Data intensive applications, especially those exhibiting bursty I/O, must take this aspect into consideration and be more selective about what data is written to disk and how the data is written. In addressing the needs of these applications, can we take advantage of a rapidly changing technology landscape, including containerized environments, burst buffers, and in-situ/in-transit analytics? Are these technologies ready to transition these applications to exascale? In general, existing software components managing these technologies are I/O-ignorant, resulting in systems running the data intensive applications that exhibit contentions, hot spots, and poor performance. 

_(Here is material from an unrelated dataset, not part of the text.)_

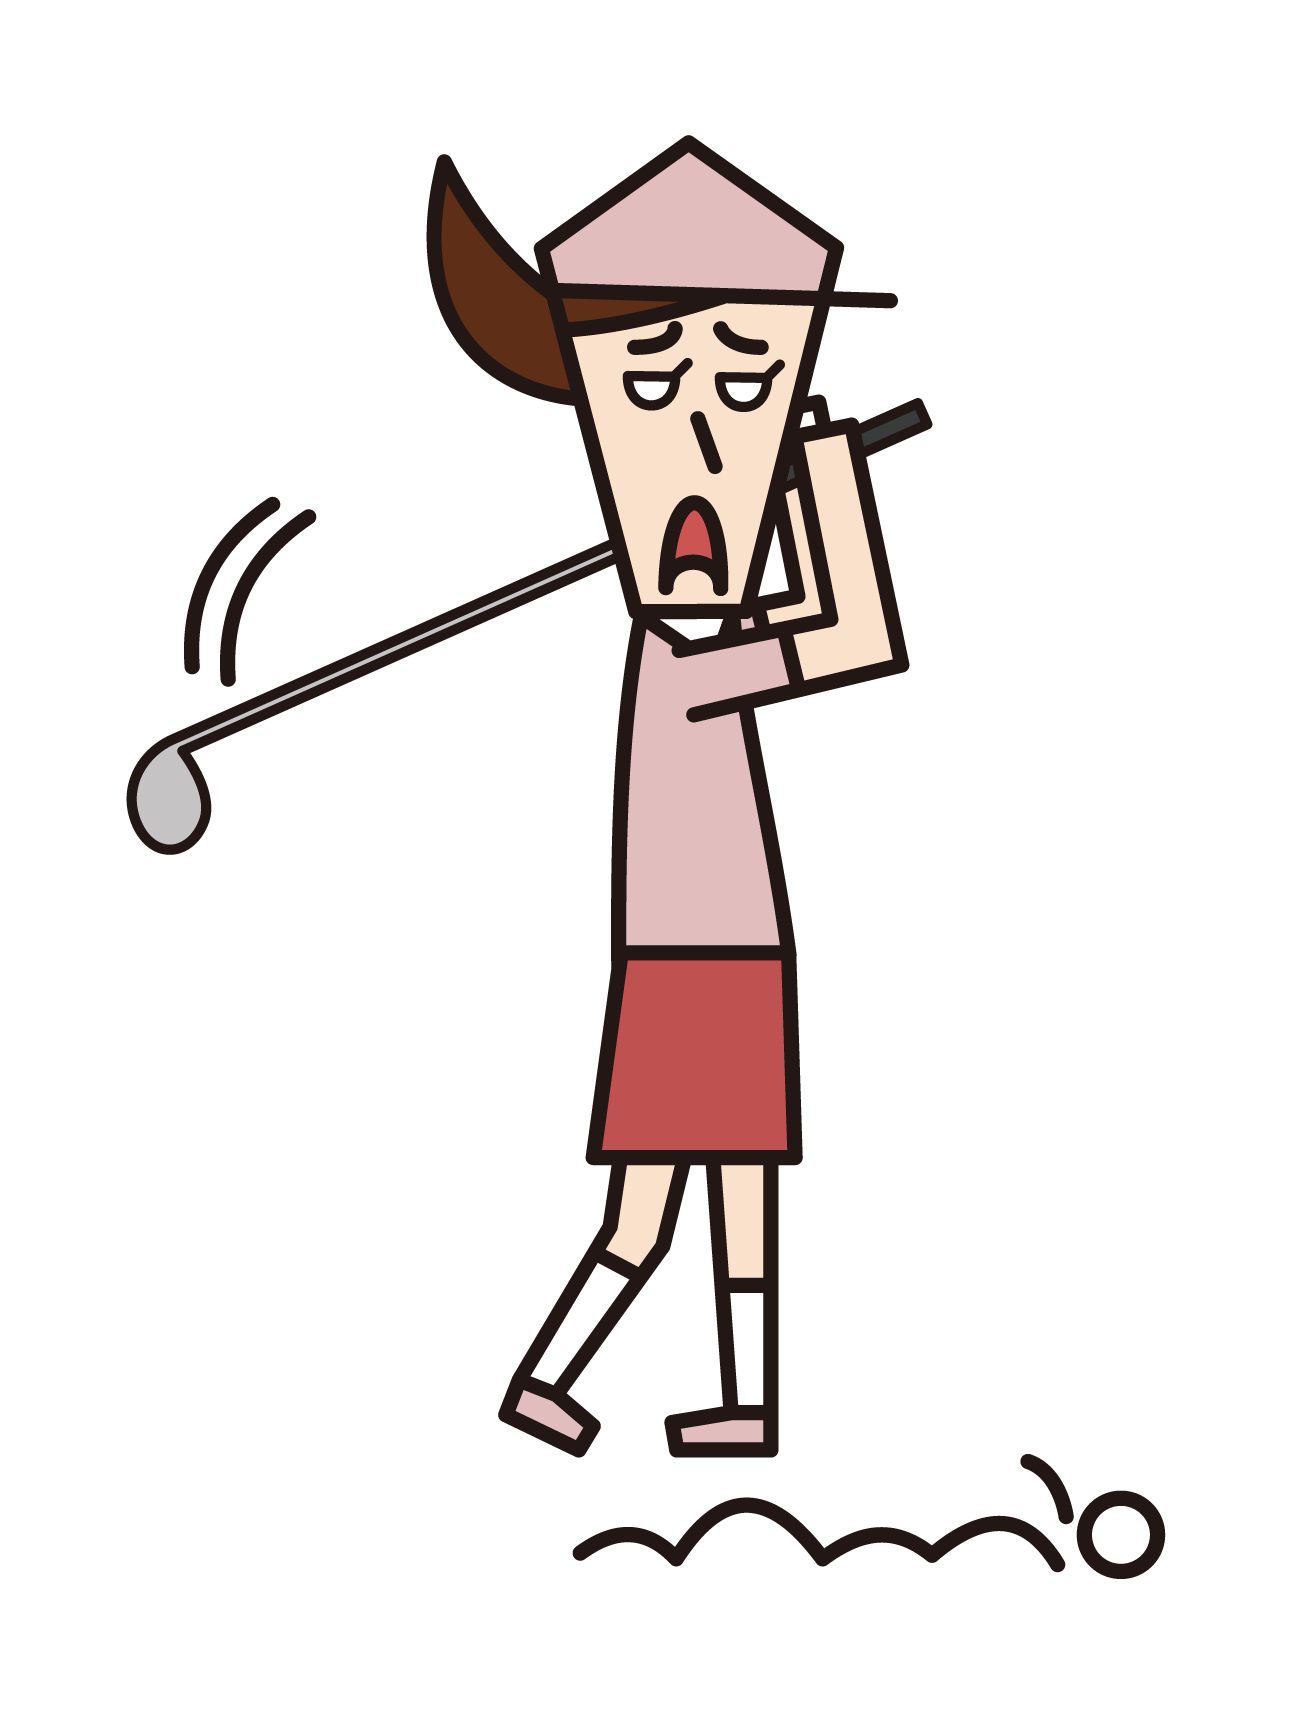 골프를 치는 척하는 남자의 삽화 (남성)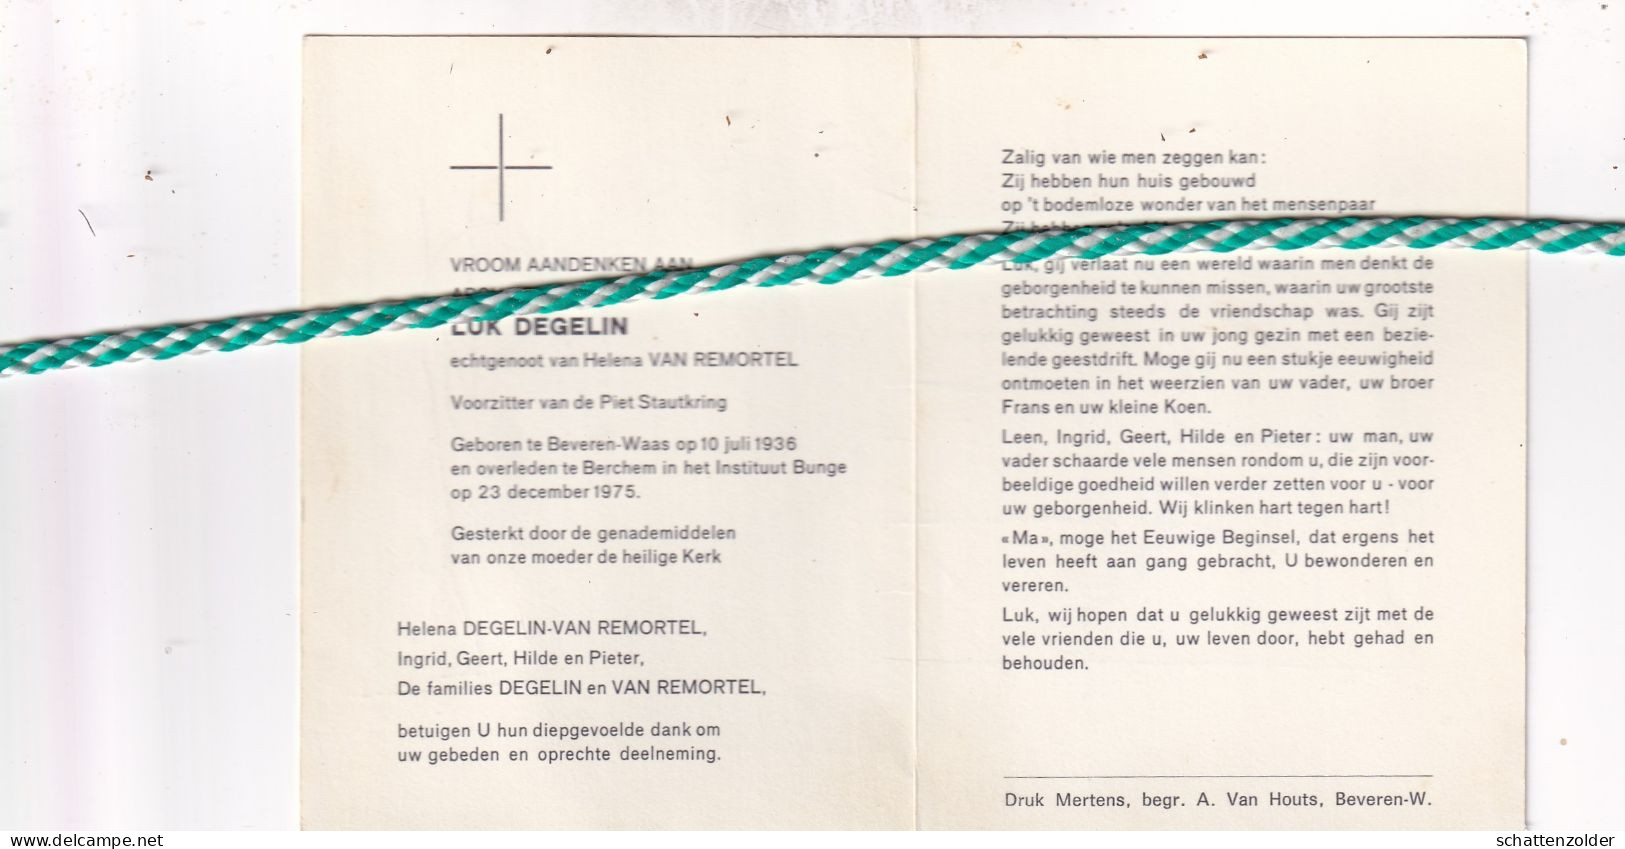 Luk Degelin-Van Remortel, Beveren-Waas 1936, Berchem 1975. Voorzitter Piet Stautkring. Foto - Todesanzeige

In this talk, we explore challenges when dealing with I/O-ignorant high performance computing systems and opportunities for integrating I/O awareness in these systems. Specifically, we present solutions that use I/O awareness to reduce contentions in scheduling policies managing under provisioned systems with burst buffers, and to mitigate data movements in data-intensive simulations. Our proposed solutions go beyond high performance computing and develop opportunities for interdisciplinary collaborations.

Michela Taufer (University of Delaware)
Michela Taufer is an associate professor in the Computer and Information Sciences Department at the University of Delaware. She earned her master’s degrees in Computer Engineering from the University of Padova (Italy) and her doctoral degree in Computer Science from the Swiss Federal Institute of Technology (Switzerland). From 2003 to 2004 she was a La Jolla Interfaces in Science Training Program (LJIS) Postdoctoral Fellow at the University of California San Diego (UCSD) and The Scripps Research Institute (TSRI), where she worked on interdisciplinary projects in computer systems and computational chemistry. From 2005 to 2007, she was an Assistant Professor at the Computer Science Department of the University of Texas at El Paso (UTEP). She joined the University of Delaware in 2007 as an Assistant Professor and was promoted to Associate Professor with tenure in 2012. Taufer's research interests include scientific applications and their advanced programmability in heterogeneous computing (i.e., multi-core and many-core platforms, GPUs); performance analysis, modeling, and optimization of multi-scale applications on heterogeneous computing, cloud computing, and volunteer computing; numerical reproducibility and stability of large-scale simulations on multi-core platforms; big data analytics and MapReduce.